What is a function? The notion of function is quite fashionable, but conveys different meanings. Two prominent uses can be distinguished:

  • The mathematical notion of a “function”: Provide instructions for a mapping between sets of elements.

  • A “functional” explanation explains a natural phenomenon (e.g., why did many creatures evolve to have two eyes, rather than one or three?) in terms of its goals or purpose.

In programming, functions also provide mappings, achieve goals and serve purposes, but are best described as tools for solving tasks. Essentially, functions encapsulate solution strategies for recurring problems in a package of code that can be used by others.

For a novice programmer, creating functions involves a change in perspective from a user of functions to a function’s designer. As we will see, both perspectives are complementary, and mutually enrich each other.

5.1.2 The function of functions

Before beginning to design functions, we should briefly ask ourselves: What are functions for? From viewing functions as tools to solve particular tasks, we can derive that programming useful functions requires identifying tasks that will be encountered and thus need to be solved repeatedly (by ourselves or others).

Functions may solve problems, but so does any script of useful code (i.e., a set of instructions or a recipe for solving some task). The additional ingredient of functions is that they are named, encapsulated (or “packaged”) in a definition, and provide an interface (via their arguments) so that they can be used from anywhere (as long as the function is available). Thus, functions not only solve tasks, but simultaneously enable abstraction:

  • Expressing a process solely in terms of its goals and results (i.e., a mapping between inputs and outputs).

  • Functions can be used as “black boxes”: Users do not need to understand the mechanism (i.e., the process or computations taking place inside a function) in order to use a function.

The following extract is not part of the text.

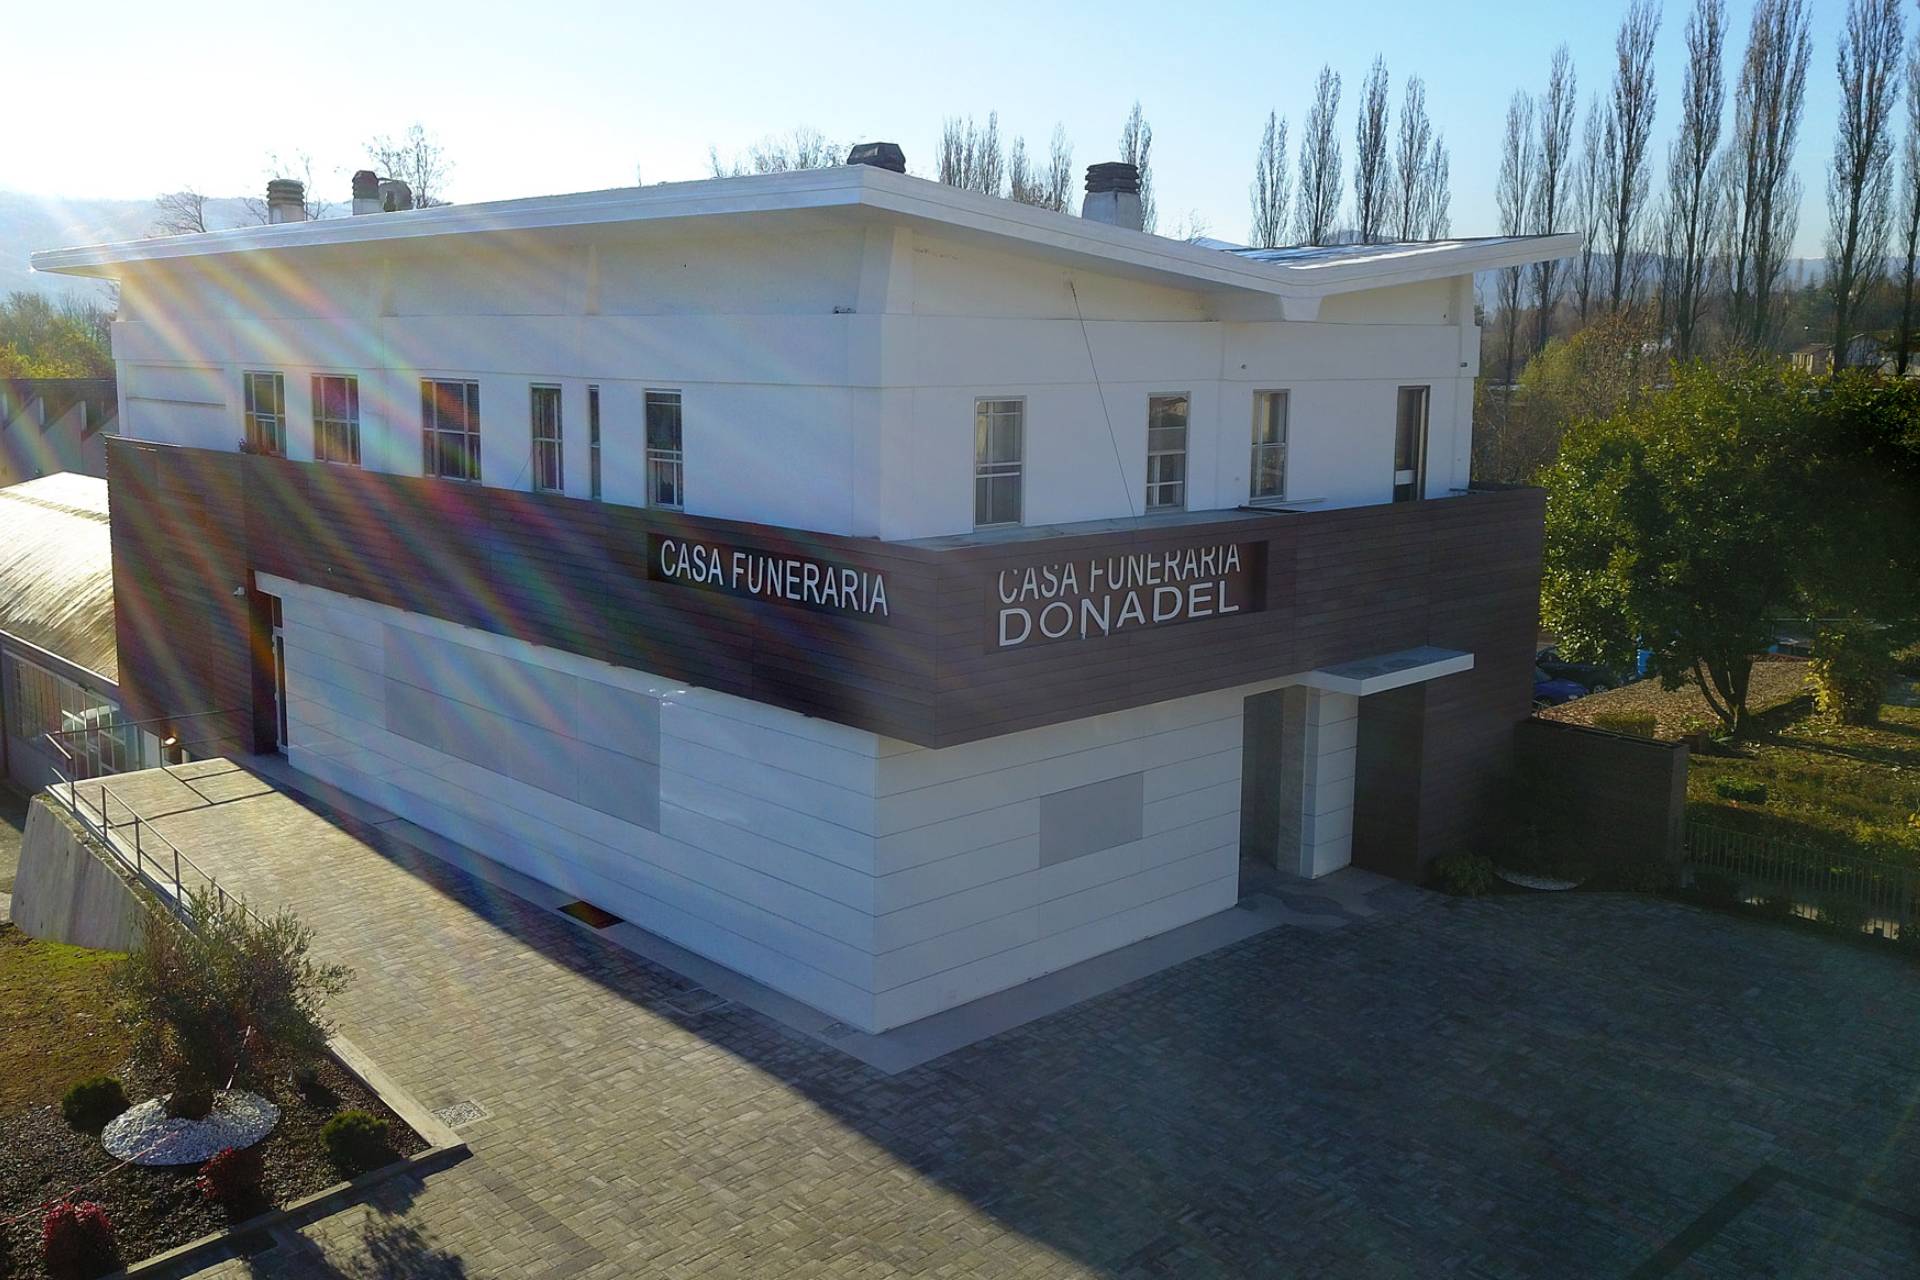 Casa Funeraria Donadel

From a system design perspective, functions enable hierarchical and modular designs:

  • Functions can call other functions, thus enabling wild jumps within vasts amounts of code.

  • If an isolated function is composed as a useful unit, we can edit or replace it without changing the rest of the system.

When creating a function, we aim to create a small package of code that (a) does something useful (i.e., solves some recurring task), and (b) is abstracted and encapsulated (i.e., independent of its surroundings, so that we can give or send to someone). The notion of “useful” in (a) implies that some task is successfully being solved and that we or others may encounter this task repeatedly. Mentioning the terms “abstraction” and “encapsulation” in (b) implies that a function should be a self-contained tool, with additional demands on clarity in naming and documentation.

In R, the notion of a package denotes a collection of functions and other data objects for some purpose. As packages usually contain mostly functions, thinking of a function as a small package inside of bigger packages is not misleading.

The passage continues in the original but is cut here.